--- DATA EXCERPT Enclosed Below ---

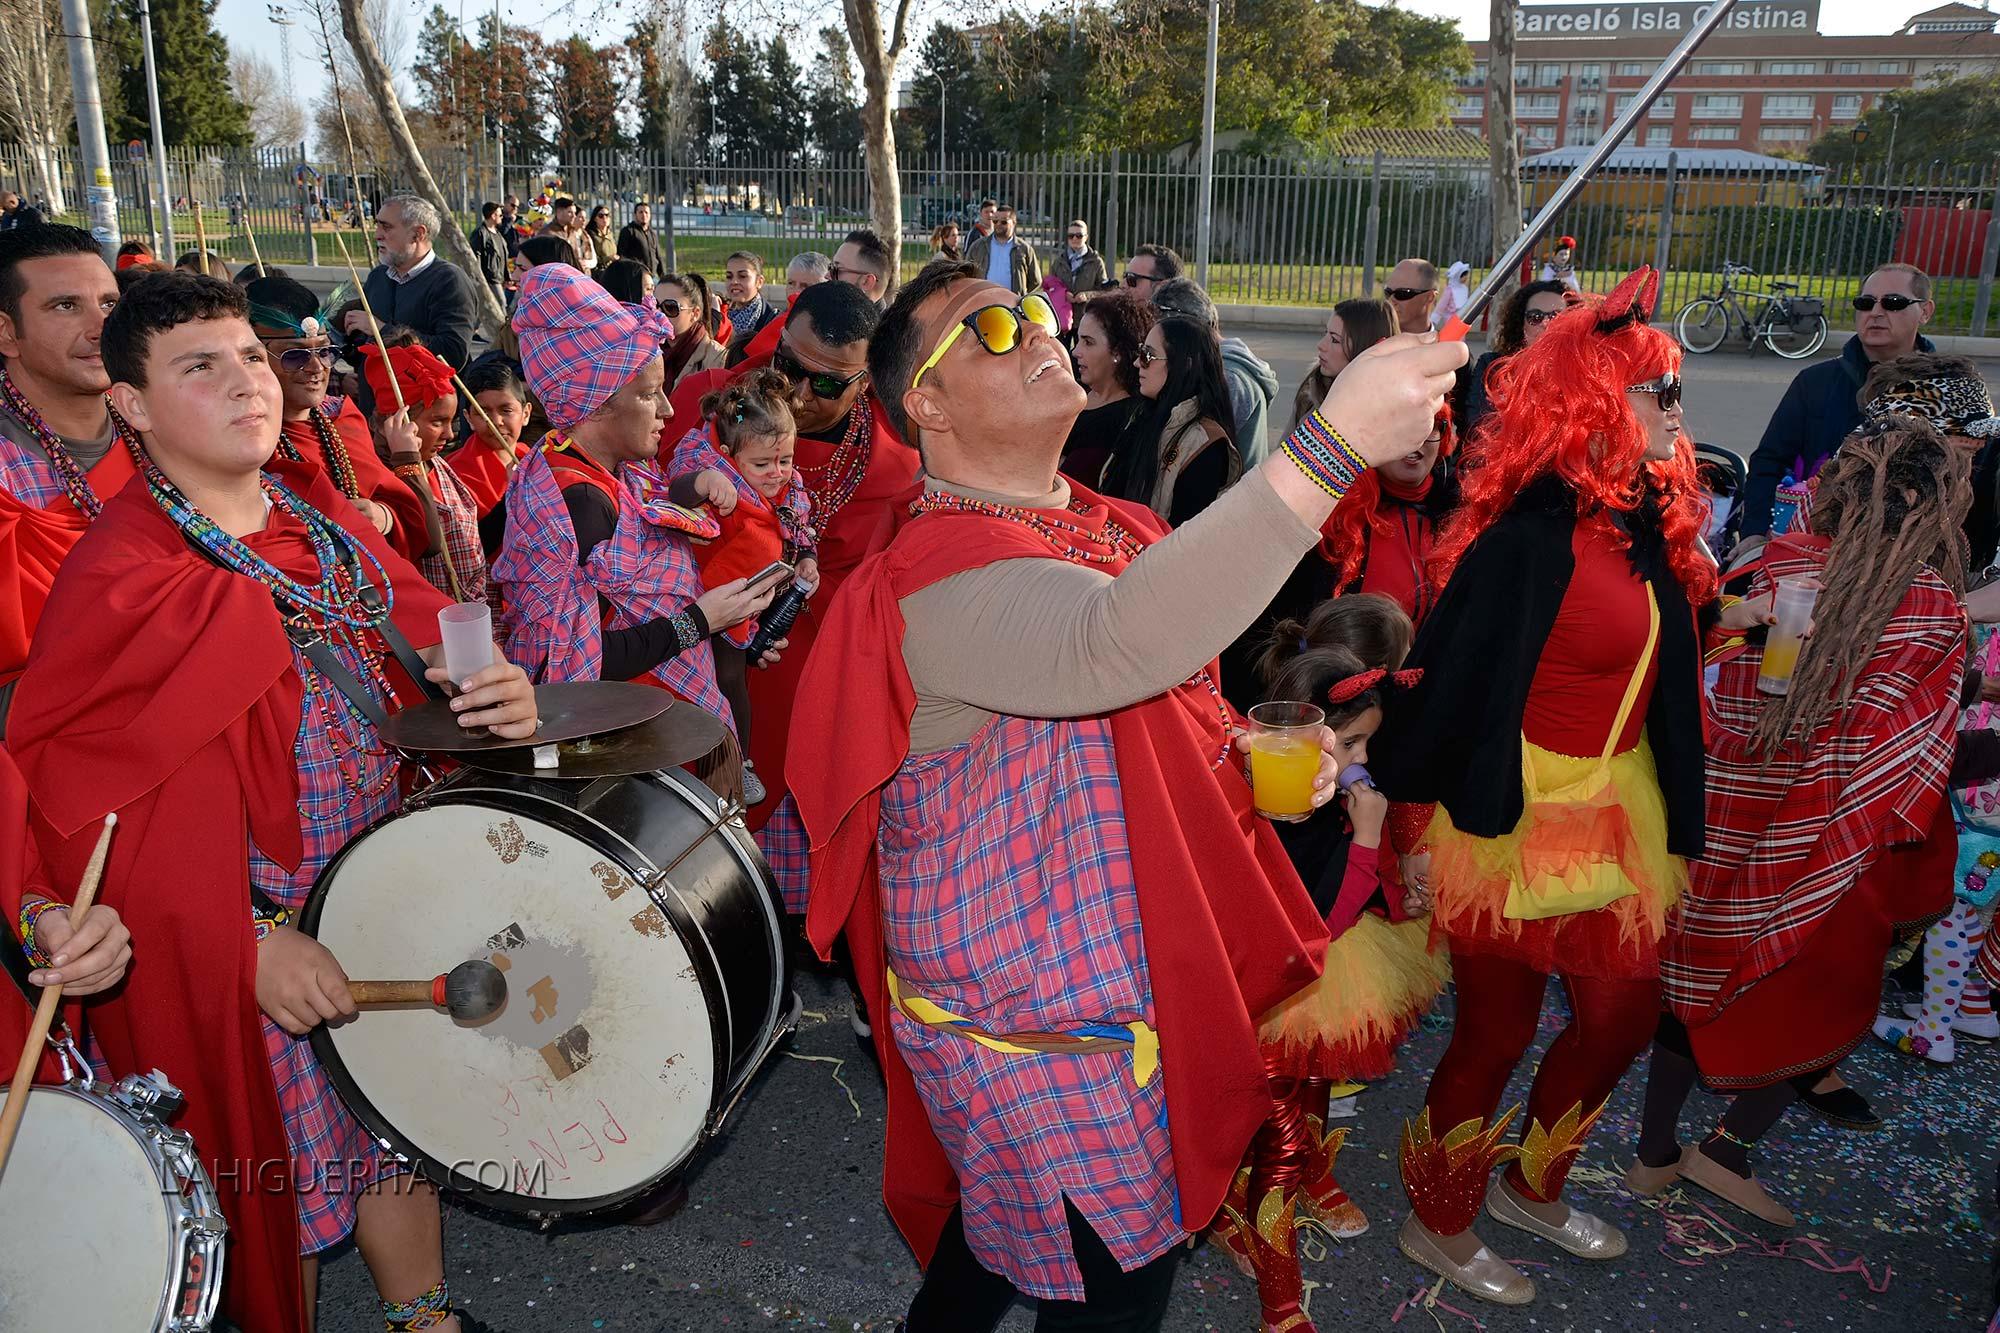 cabalgata carnaval isla cristina _DSC0701
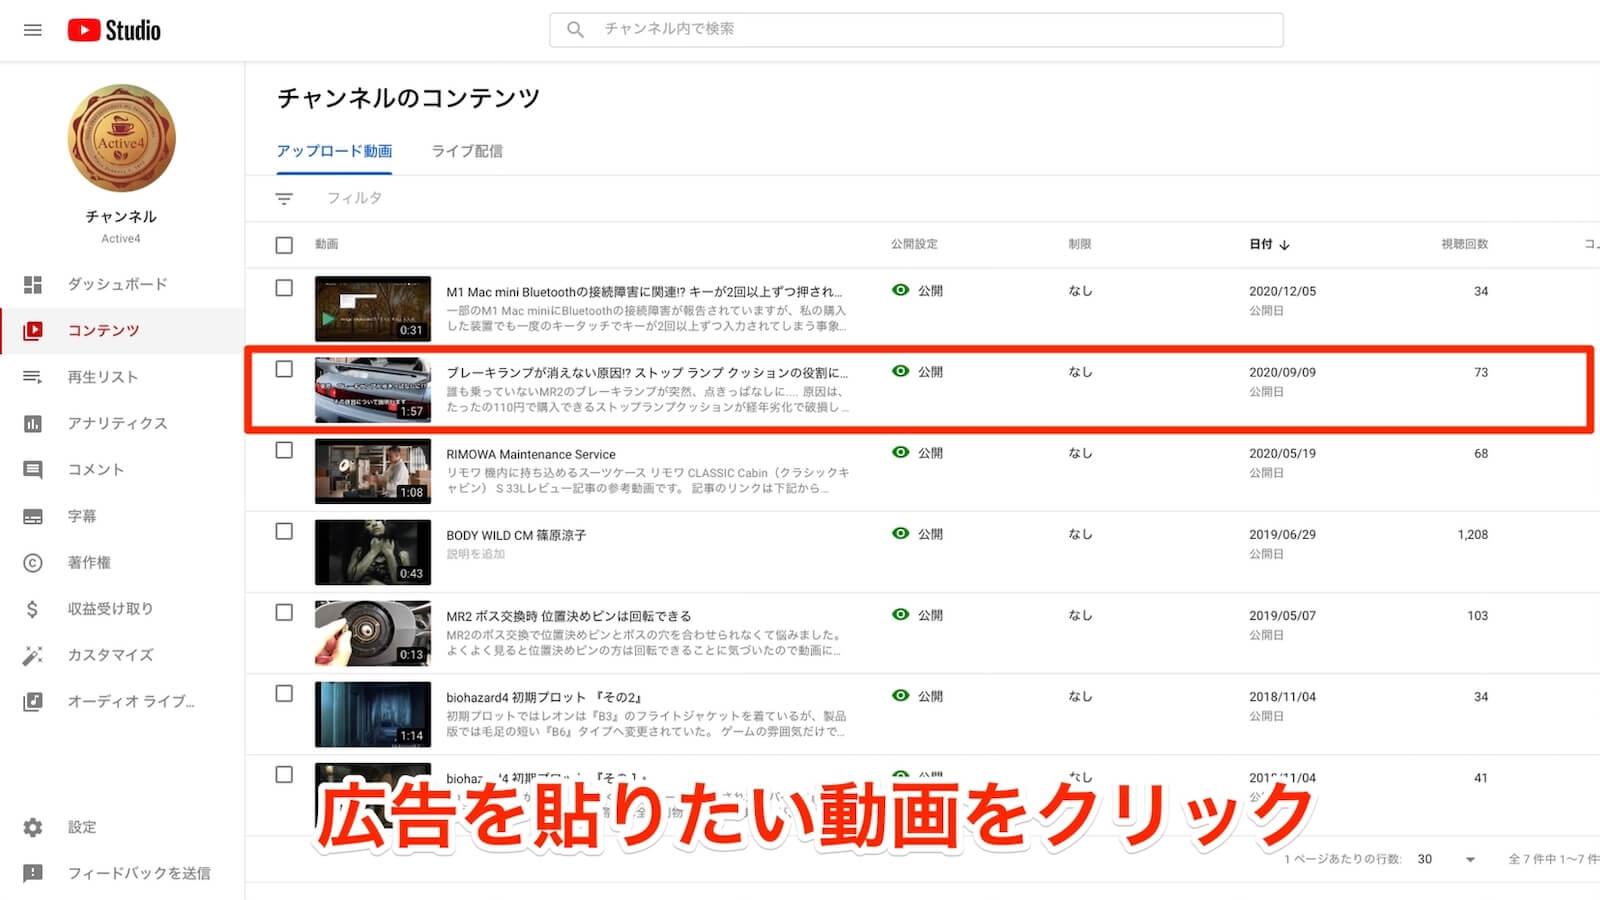 YouTube Studio channel content screen capture
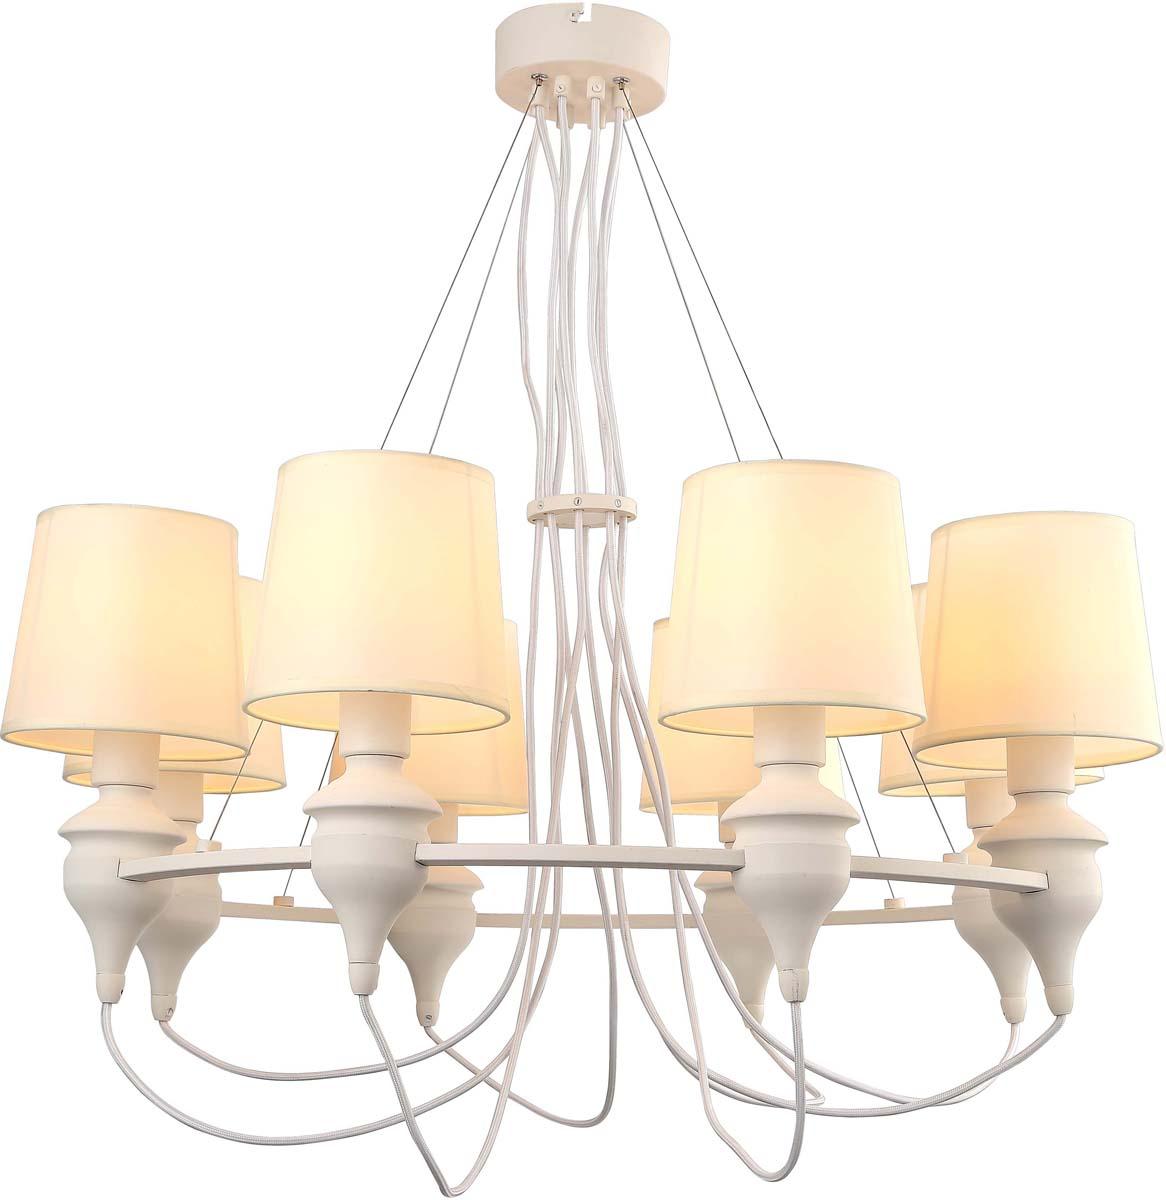 Светильник подвесной Arte Lamp Sergio, 8 х E14, 40 W. A3326LM-8WHA3326LM-8WH
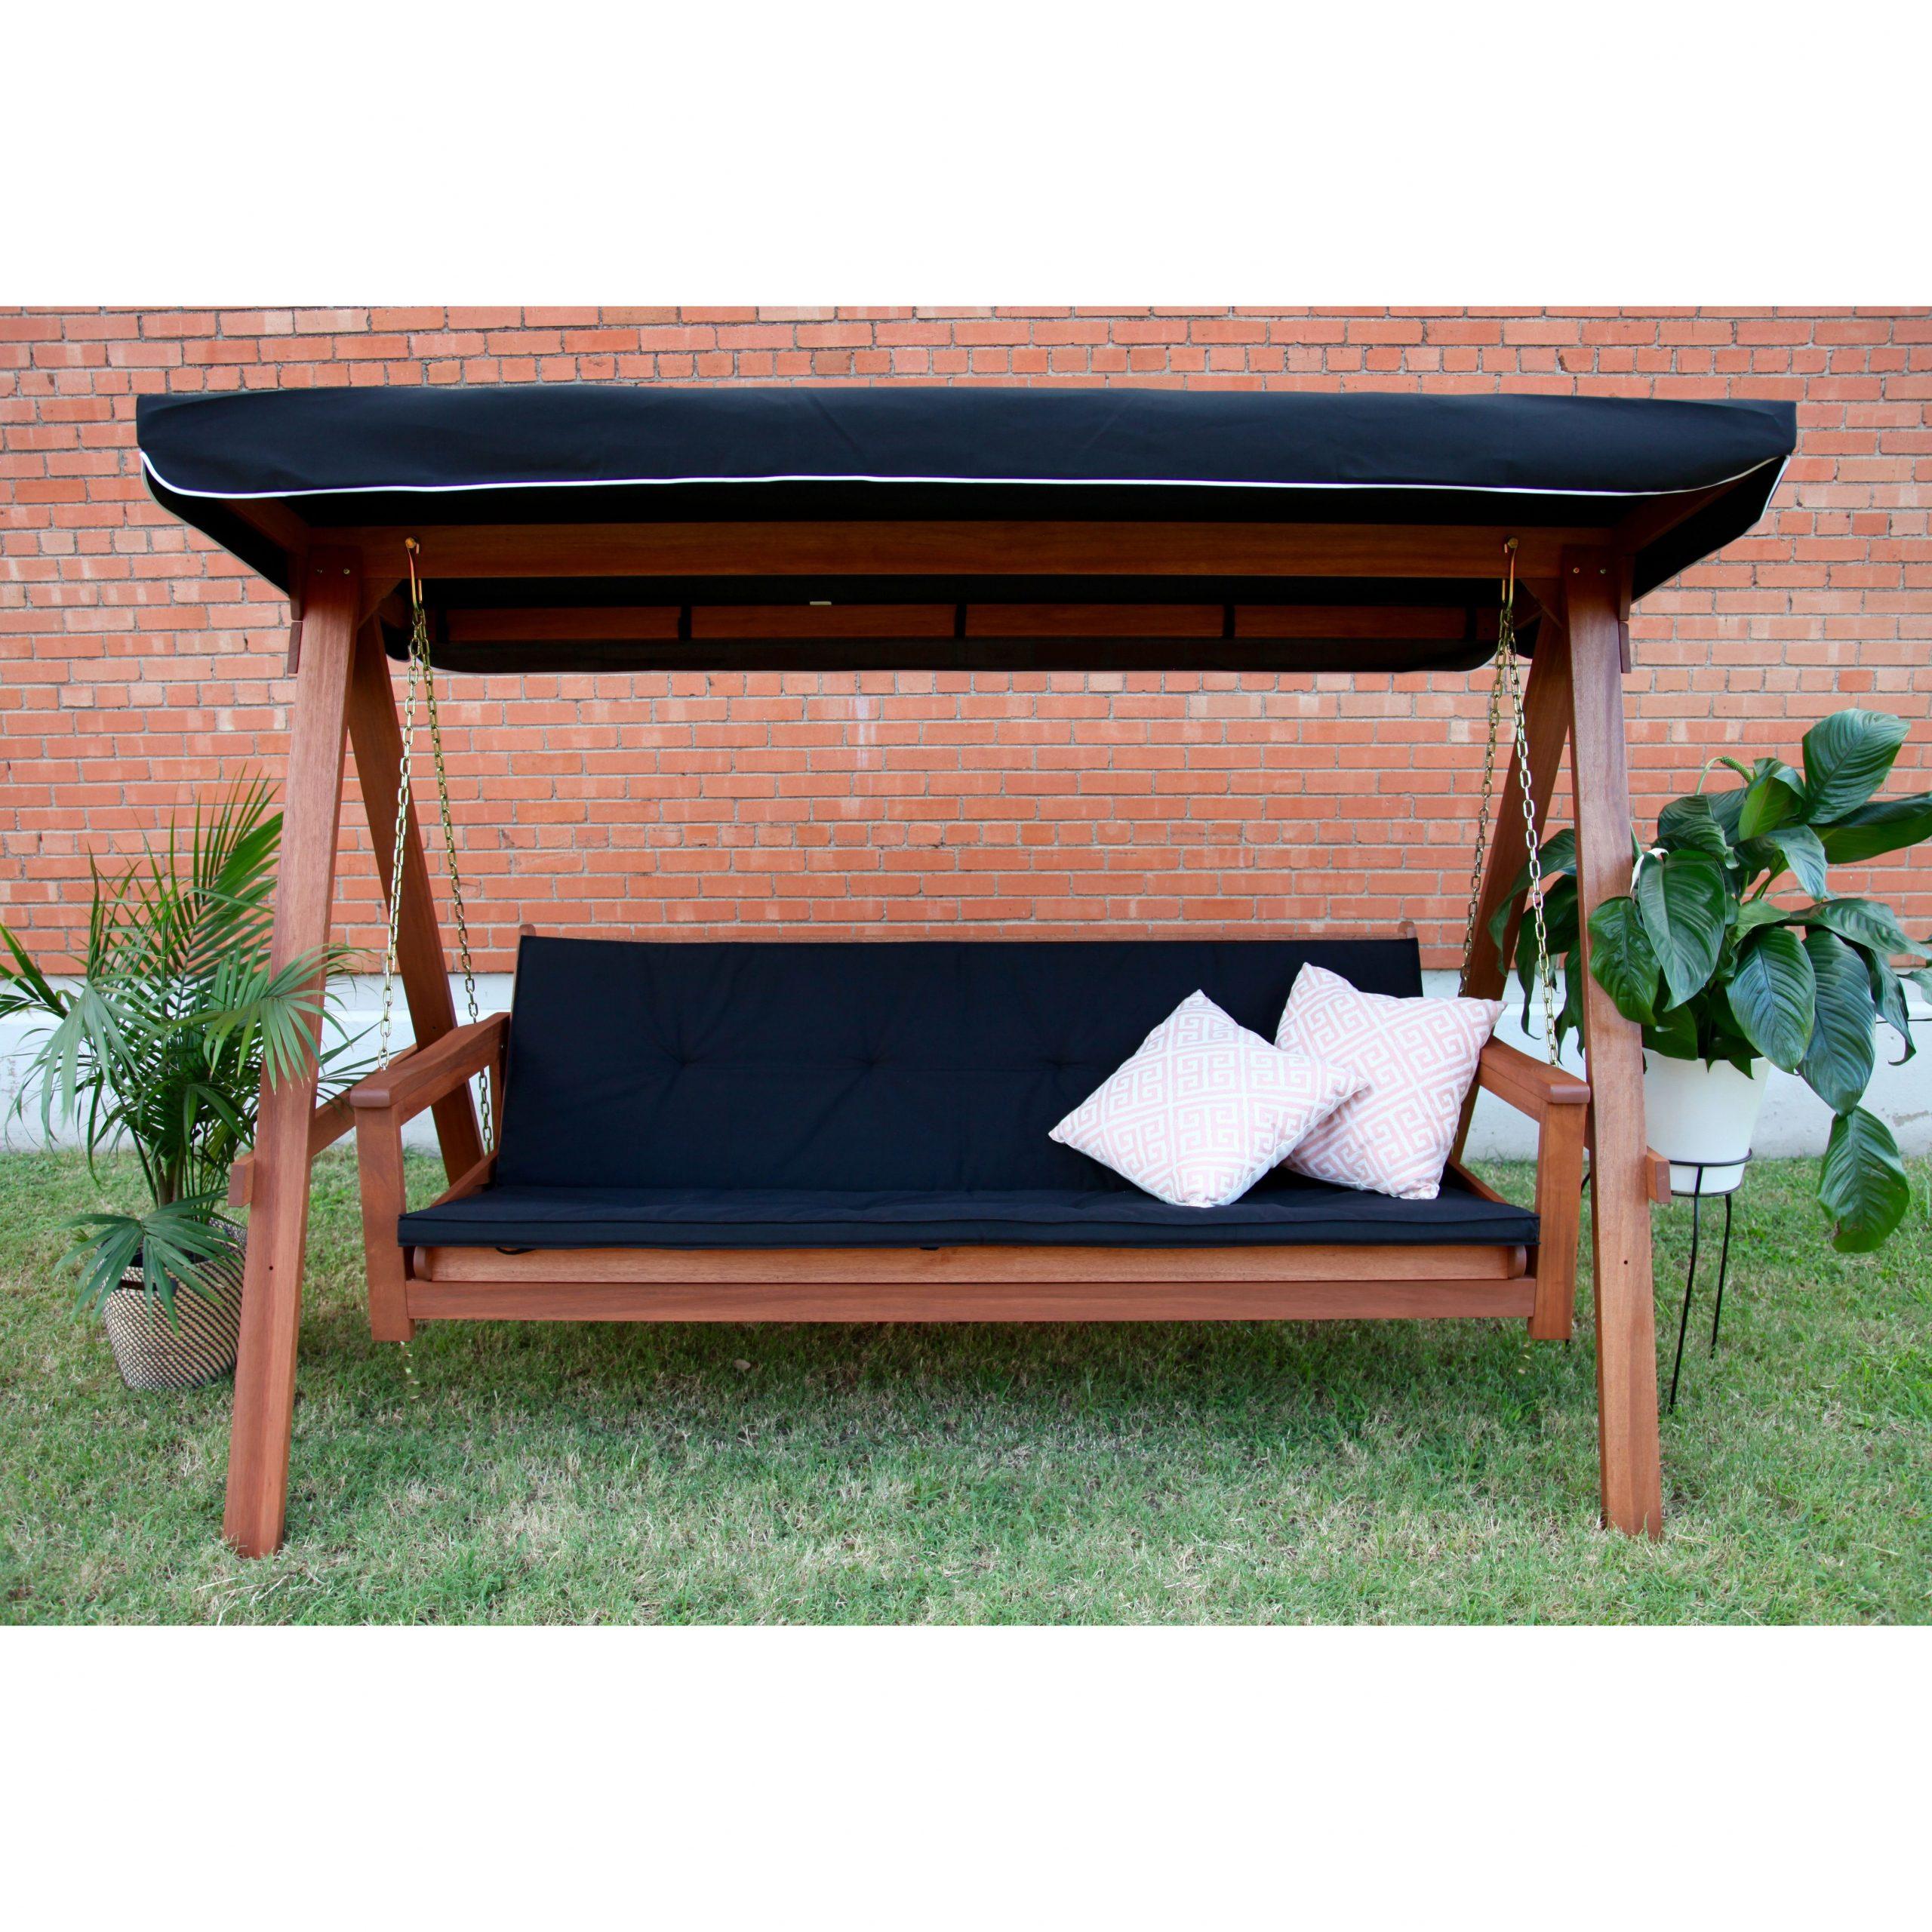 Lautan Llc Avoca 3 Seat Porch Swing Daybed | Porch Swing With Daybed Porch Swings With Stand (View 2 of 25)

--- End of Enclosed DATA EXCERPT ---

### GOAL OF THE EXERCISE
No pictures belong in the answer; copy all other parts of the listing exactly.

### RESPONSE BELOW
 cabalgata carnaval isla cristina _DSC0701
 YouTube Studio channel content screen capture
 Светильник подвесной Arte Lamp Sergio, 8 х E14, 40 W. A3326LM-8WHA3326LM-8WH
 Lautan Llc Avoca 3 Seat Porch Swing Daybed | Porch Swing With Daybed Porch Swings With Stand (View 2 of 25)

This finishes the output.